The birthday problem poses the following problem:

Calculate the probability that at least two people share a birthday out of $$k$$ people, assuming $$365$$ days in a year.

My attempt was to fix two people's birthdays to match. There are $$k(k - 1)$$ ways to do this. For the remaining $$k - 2$$ people, any birthday is fine, so there are $$k(k - 1)365^{k - 2}$$ ways to do dole out the birthdays where there is a match. I divided that by $$365^k$$, all the ways the birthdays can be distributed, and figured that would be the probability.

However, I am wrong. The answer is $$1 - \frac{365(364)\cdots(365 - k + 1)}{365^k}$$ from counting the complement. Where am I going wrong? Thanks.

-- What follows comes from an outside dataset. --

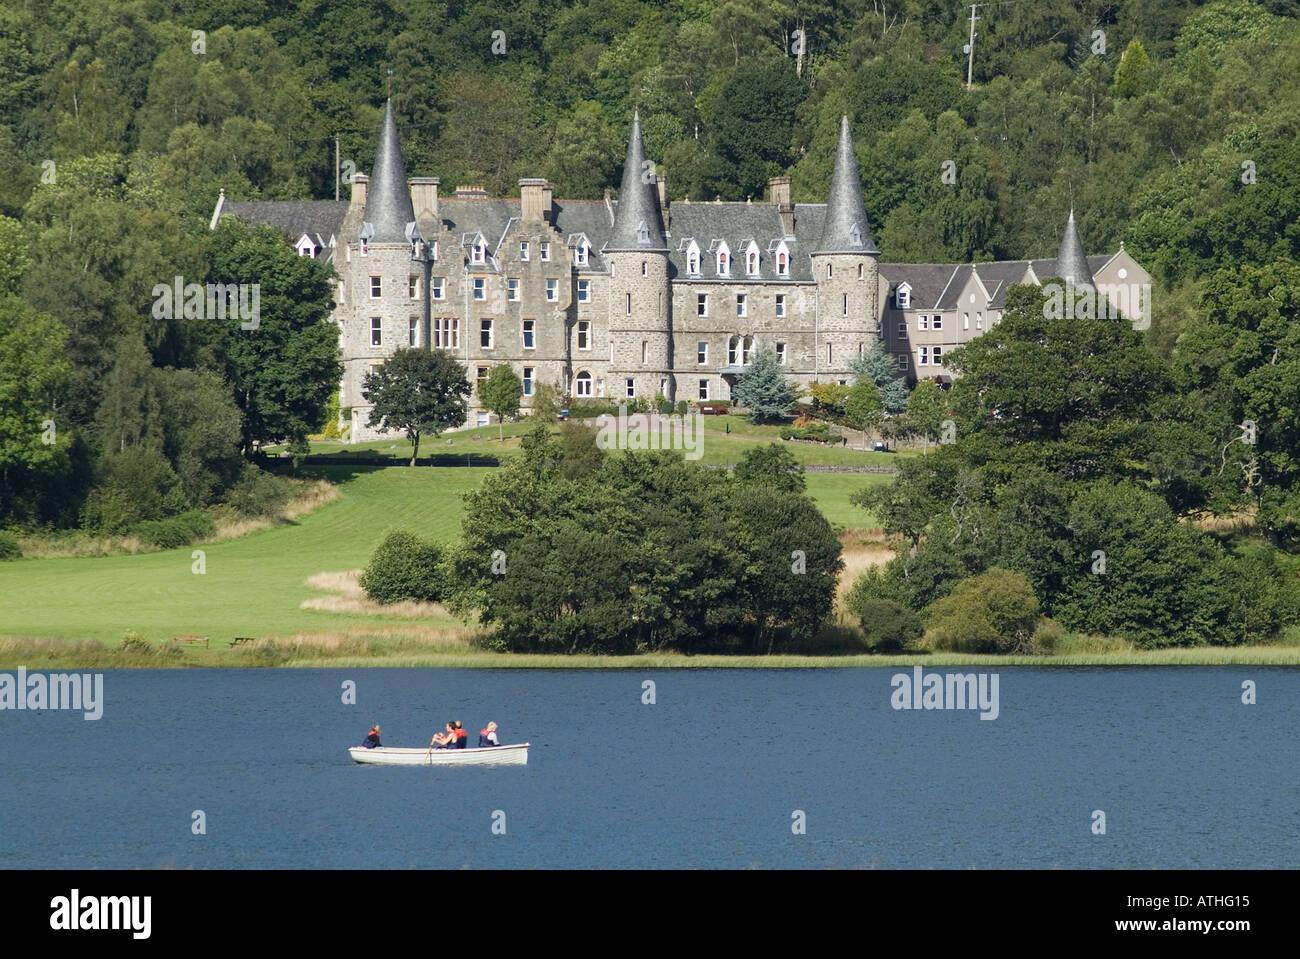 Dh Loch Achray Hotel Loch ACHRAY STIRLINGSHIRE Queen Elizabeth Forest Park y bote de remos Escocia verano multipropiedad Imagen De Stock

• The best way for such problems is to start with a small $k$. Let k=3. We use the complementary probability: 1-P("no common birthday"). Let say that person A has birthday at day $i$. Then the probability that person B has the not same birthday is $\frac{364}{365}$. And given that person B has not the same birthday as person A, the probability that person C has not the same birthday as person A and B is $\frac{363}{365}$. May 17, 2022 at 16:11
• (continued) So the probability that at least two people share a birthday out of 2 people, assuming 365 days in a year is $1-\frac{364}{365}\cdot \frac{363}{365}=1-\frac{(365)\cdot (365-2+1)\cdot (365-3+1)}{365^3}$ This is $1 - \frac{365(364)\cdots(365 - k + 1)}{365^k}$ for $k=3$ May 17, 2022 at 16:12

There are several problems in your approach:

• The first problem is that your consider ordered pair instead of unordered. Really the cases $$(1, 2)$$ and $$(2, 1)$$ are the same and should be replaced by $$\{\,1, 2\,\}$$. The number of unordered pairs is $$\frac{k(k - 1)}{2}$$.

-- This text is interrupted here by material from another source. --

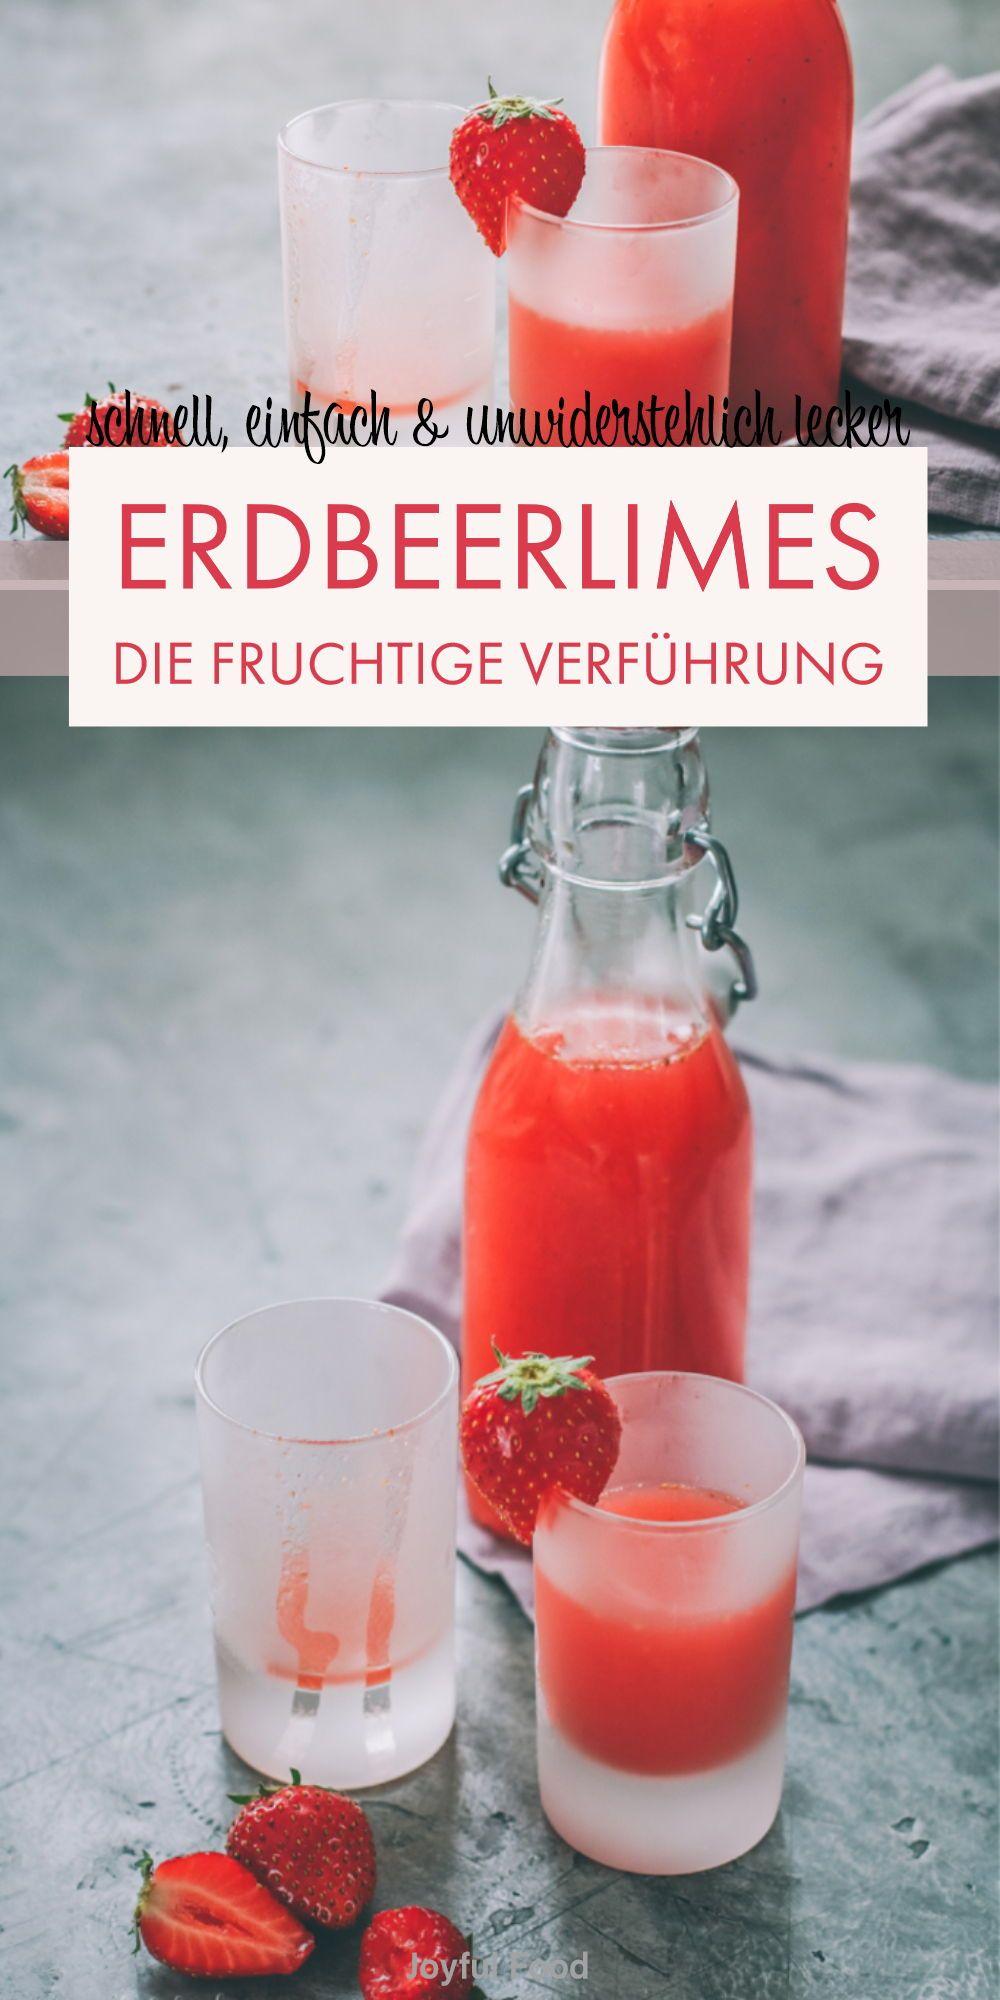 Fruchtiges Erdbeerlimes Rezept - einfach selber machen | Joyful Food

• The second problem is that you allow other people to have the same birthday as the selected pair. Therefore you count the same combination several times. For example, if there are $$k = 5$$ people with the same birthday, you will count this option $$\frac{k(k - 1)}{2} = 10$$ times. However just removing for all others this one day is not enough, because there are cases when two pairs share birthday (unique for each pair). And the problem is still the same: you count the same combination several times. Therefore you should make all other birthdays to be pairwise distinct, and probability is $$\frac{k(k - 1)}{2} \cdot \frac{365 \cdot 364 \cdots (365 - (k - 2))}{365^k}$$.

• The third problem follows from the second one, but it is the most significant. You should consider also cases when $$3, 4, \ldots, k$$ people have the same birthday. This is not a big deal: if exactly $$\ell$$ people share birthday and all others have pairwise distinct birthdays the probability is $$\binom{k}{\ell} \cdot \frac{365 \cdot 364 \cdots \cdot (365 - (k - \ell))}{365^k}$$. However there are more complicated cases, when there are two pairs sharing birthday (unique for each pair), when there are such pair and triple, when there are ten such pairs, six triples and three quadruples and so on. The number of cases you should consider is exponential of $$k$$ and there is no simple way to consider them all.

The number of possible combinations of birthdays such that nobody shares a birthday out of $$k$$ individuals (assuming that $$k<365$$) is $${365(364)(363)…(365-k+1)}$$.

The total number of possible birthdays is $$365^k$$.

Therefore, the probability that nobody shares a birthday will be $$\frac{365(364)…(365-k+1)}{365^k}$$.

We can then work out the probability that at least $$2$$ people share a birthday by simply computing $$1-\frac{365(364)…(365-k+1)}{365^k}$$ - giving us the required answer to your problem.

Now that begs the question of what is wrong with your solution. The issue is that you shouldn’t multiply $$k(k-1)$$, you should be multiplying the number of possible positions available for an individuals birthday. For example, if we fix the first person’s birthday, then there are now 364 choices for the second person’s birthday to lie on (assuming that they do not share a birthday).